A l’époque où je suivais des cours de dessin industriel à Zurich, il y a eu une grande exposition et rétrospective de cinéma organisée par Freddy Buache. J’ai pu voir tous les grands films de l’histoire du cinéma sur une période assez courte. Avant, je n’y connaissais rien et je suis rentré dans le cinéma comme une sorte de Kaspar Hauser. Les films de Flaherty, Nanouk l’Esquimau et L’Homme d’Aran, m’ont particulièrement marqué comme une fenêtre par laquelle j’ai pu entrer dans le cinéma. Le mélange qu’il opère entre fiction et documentaire m’a montré qu’avec les moyens que j’avais, qui étaient nuls, c’était quelque chose que je pouvais réaliser. Alors que le cinéma hollywoodien était quelque chose d’inaccessible. Je faisais de la photo, de la musique, je peignais. Ce à quoi je pouvais m’identifier n’était pas le vernis hollywoodien, mais un art qui engloberait tout, un art total. Il faut voir ça dans le contexte des années 60 qui connaissaient une grande effervescence dans les arts, notamment en peinture avec l’action painting, le tachisme. Et le cinéma n’était qu’un aspect de cette ambiance.

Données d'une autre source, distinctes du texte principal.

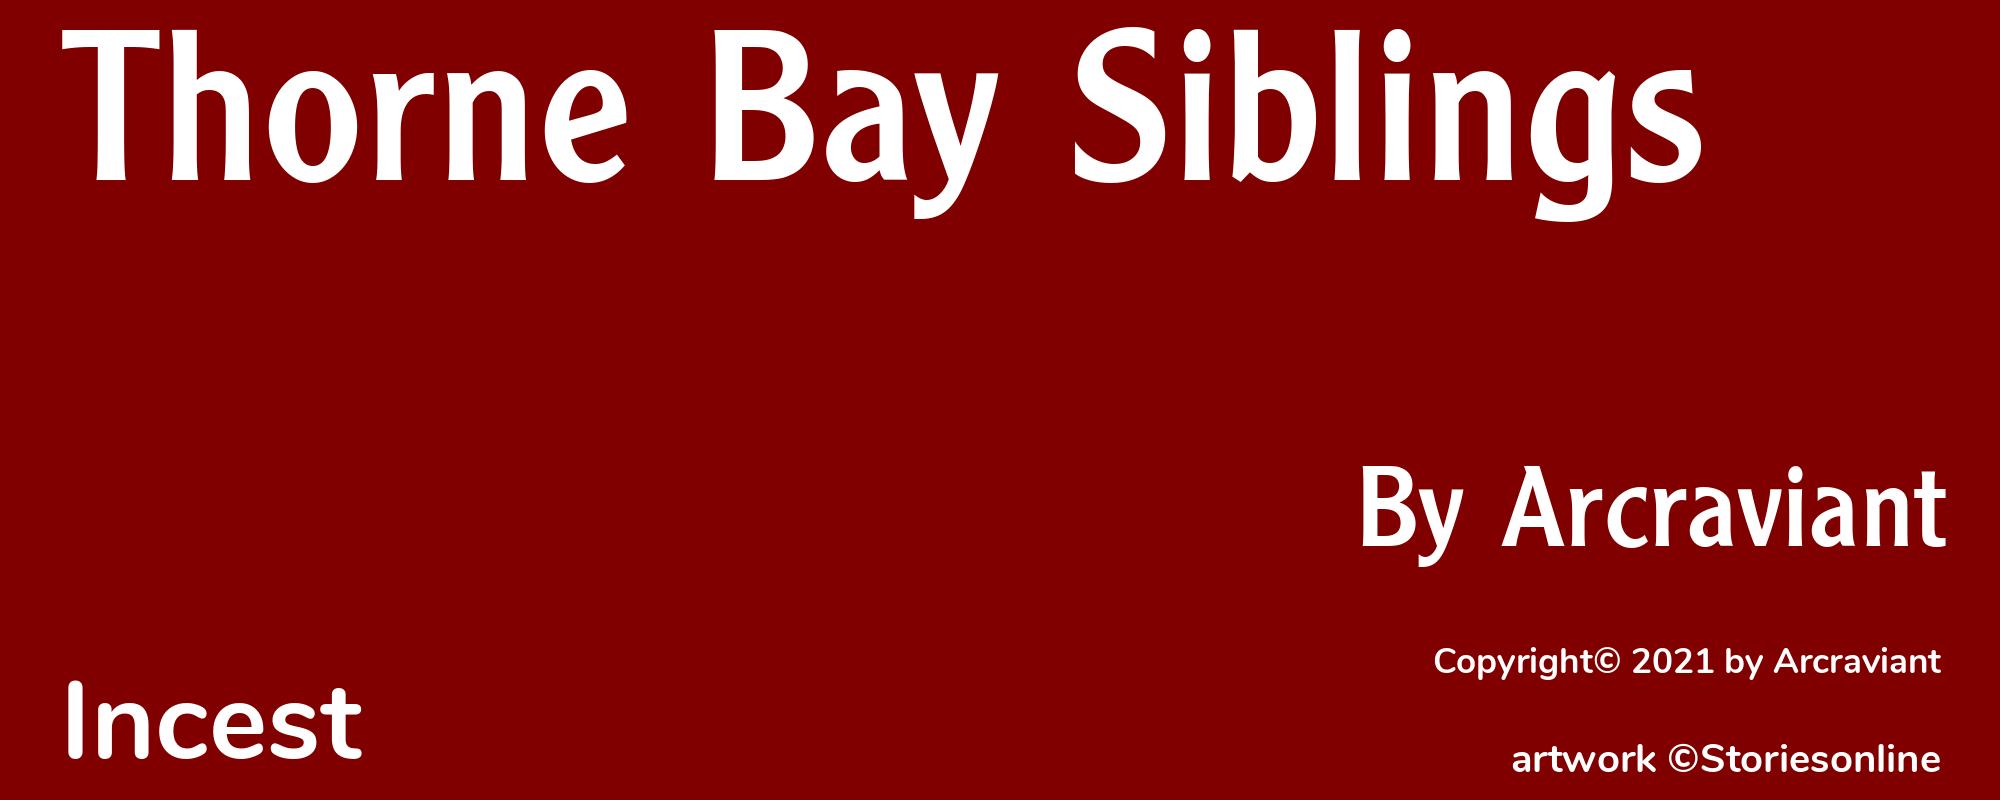 Thorne Bay Siblings - Cover
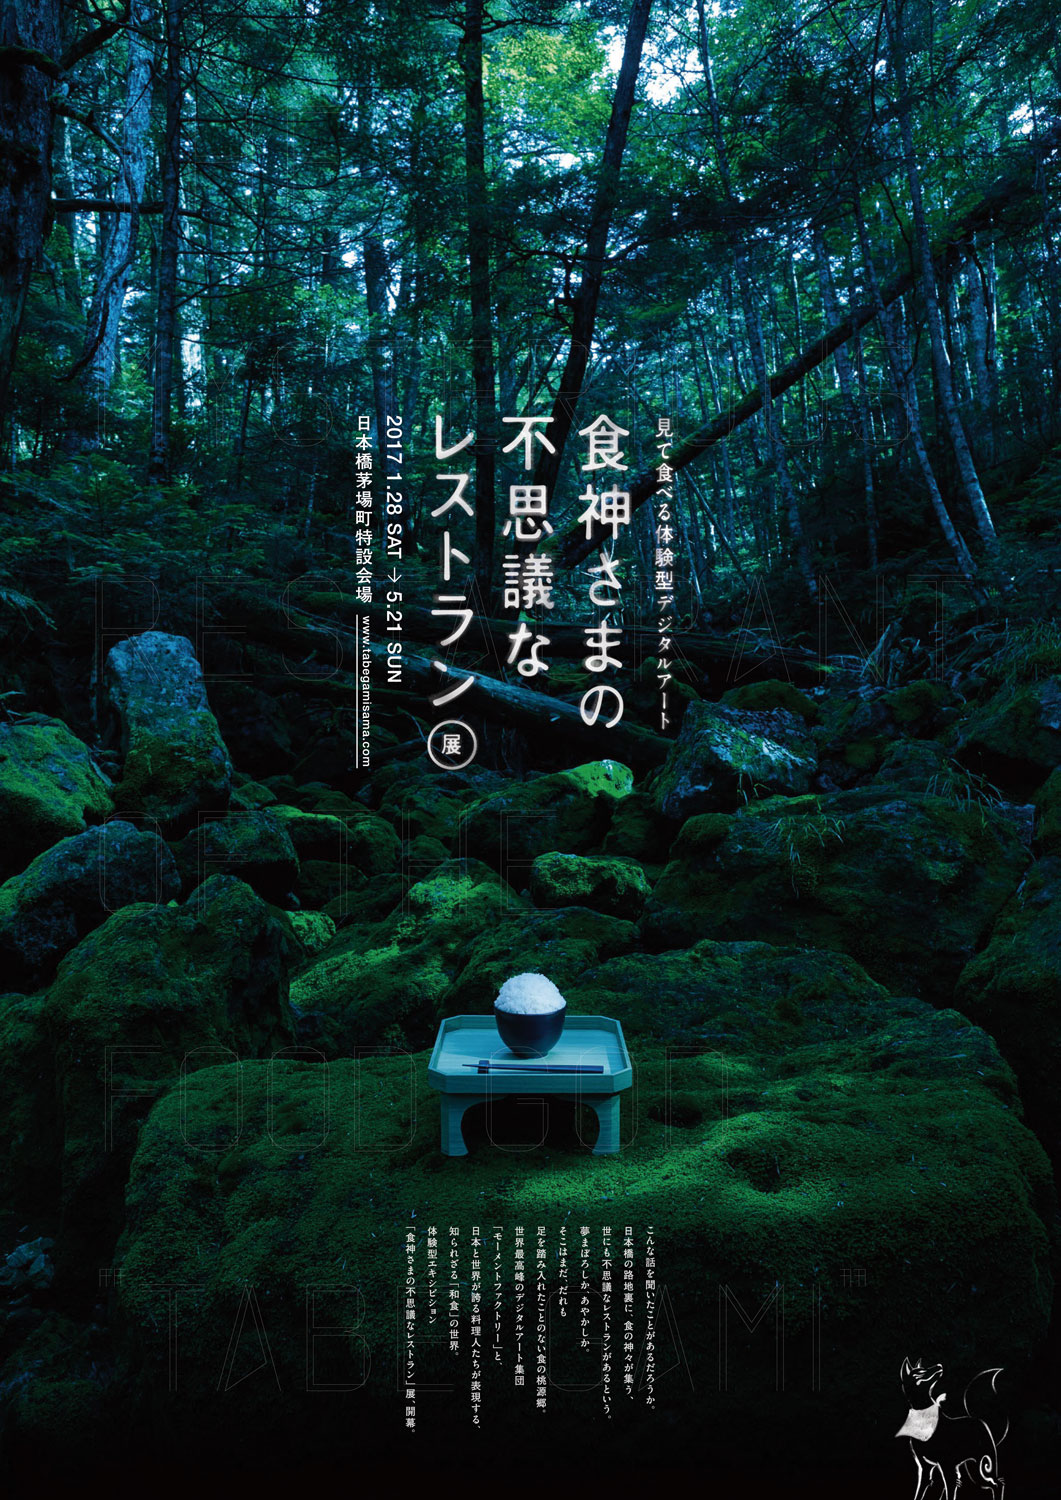 乃木坂46がボイスキャストで参加、「見て食べる体験型デジタルアート『食神さまの不思議なレストラン』展」が来年開催へ

Cette influence de Flaherty n’apparaît dans vos films que bien plus tard, tandis que votre période expérimentale est placée sous le double signe du surréalisme et de l’underground américain.
Oui, ça m’a rattrapé lorsque j’ai commencé à faire des documentaires. En fait, au début, je voulais apprendre le métier et je refusais de faire une école de cinéma. Je n’aime pas l’école. Chaque film que je faisais était une expérimentation d’un aspect du cinéma, c’était un apprentissage, je ne les faisais pas pour un public. Ces films se faisaient avec des amis, sans argent et en un week-end.
Un de vos premiers films, Sylvan, est un hommage au cinéma, on y assiste à une étrange collision entre Dreyer et Hitchcock.
C’est un mélange d’hommage et d’imitation car j’ai fait ce film à l’époque où je vivais à Paris et que je voyais quatre films par jour à la Cinémathèque j’étais imbibé de cinéma à ce moment-là. Ma seule école de cinéma fut le cinéma. Ce que l’on peut voir sous le titre de Sylvan n’est qu’une petite partie d’un film de quatre heures dont je suis le seul à posséder la copie. Dans Sylvan, un seul personnage joue cinq rôles et je voulais donner l’illusion, par le découpage, qu’il y ait cinq personnages présents en même temps.
Vous êtes un Suisse Allemand. Dans les années 70, vous sentiez-vous en phase avec le jeune cinéma allemand ?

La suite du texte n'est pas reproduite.